In a written submission to the Supreme Court, the Shermans' estates and trustees contend the general public interest in maintaining court openness cannot outweigh the “serious invasion of privacy and grave physical safety risks” posed by disclosure.
Lawyer Chantelle Cseh expanded on those arguments during the hearing Tuesday, saying the Appeal Court erred in deciding that the privacy and dignity of “those left in the wake of violent crime” are purely personal concerns that cannot, without more, justify a sealing order.
“This so-called privacy-plus model adopted by the Court of Appeal is inconsistent with decades of case law and our society’s understanding of privacy rights.”
Several judges peppered Ms. Cseh with questions about the alleged dangers to the beneficiaries and trustees.

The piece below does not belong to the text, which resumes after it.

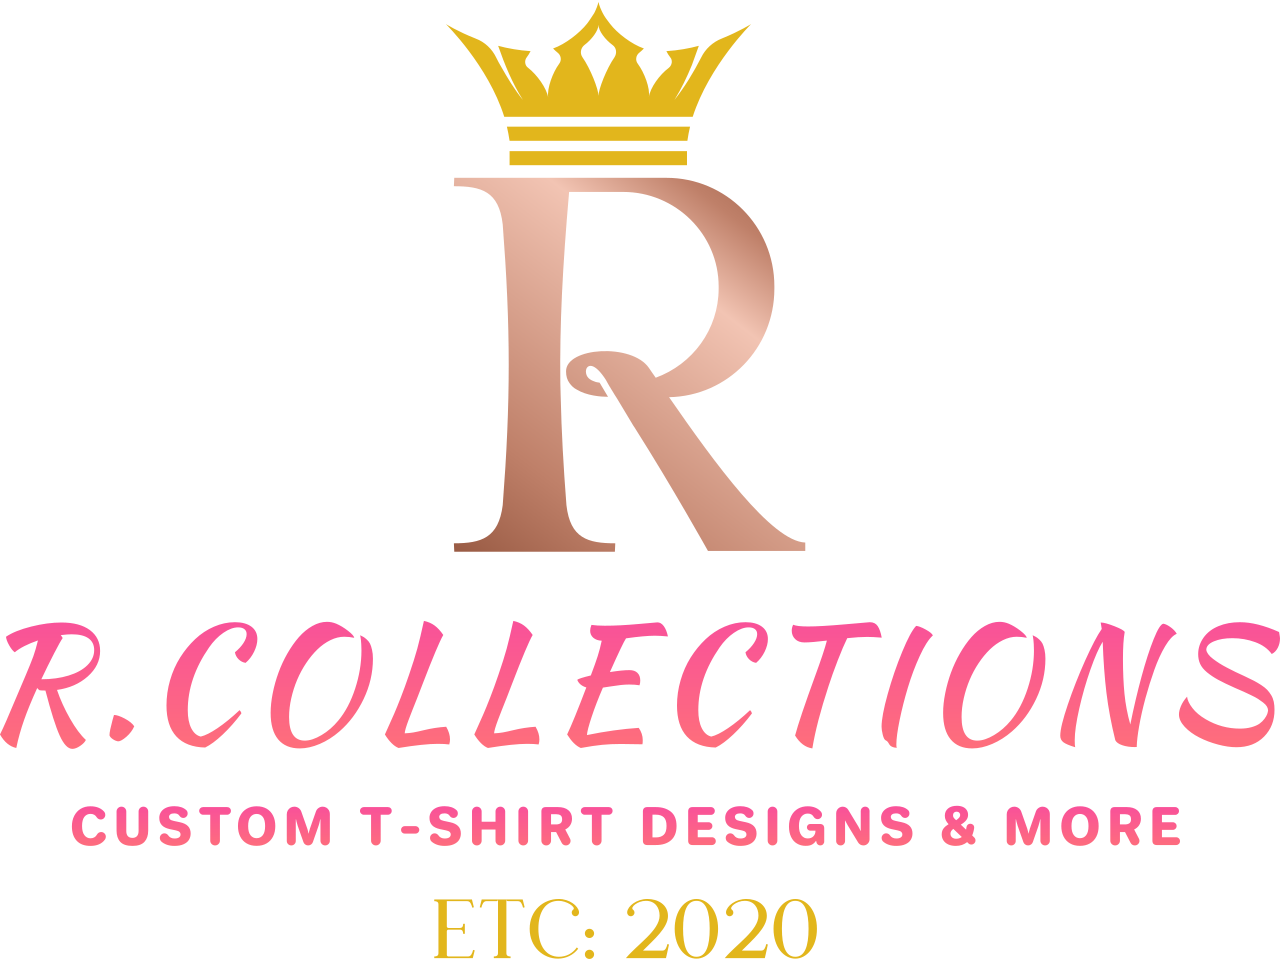 R.Collections's logo

Justice Russell Brown said the necessary evidence cannot simply be that such individuals are relatives of crime victims. “It surely has to be more than that,” he said. “Otherwise, we’re going to have sealing orders on the estates of every person who’s a victim of murder.”
Ms. Cseh stressed the importance of context, saying that requiring “scientific or empirical evidence of the likelihood that somebody will suffer violent crime, or kidnapping for instance in this case, is asking for the impossible.”
Justice Michael Moldaver suggested the murders were “a very, very sophisticated crime, in my view, committed by a very sophisticated organization – at least it has those hallmarks.”
As a result, he said, the perpetrators would likely already know “who the beneficiaries are, who the children are, who the grandchildren are and everything else about this family.”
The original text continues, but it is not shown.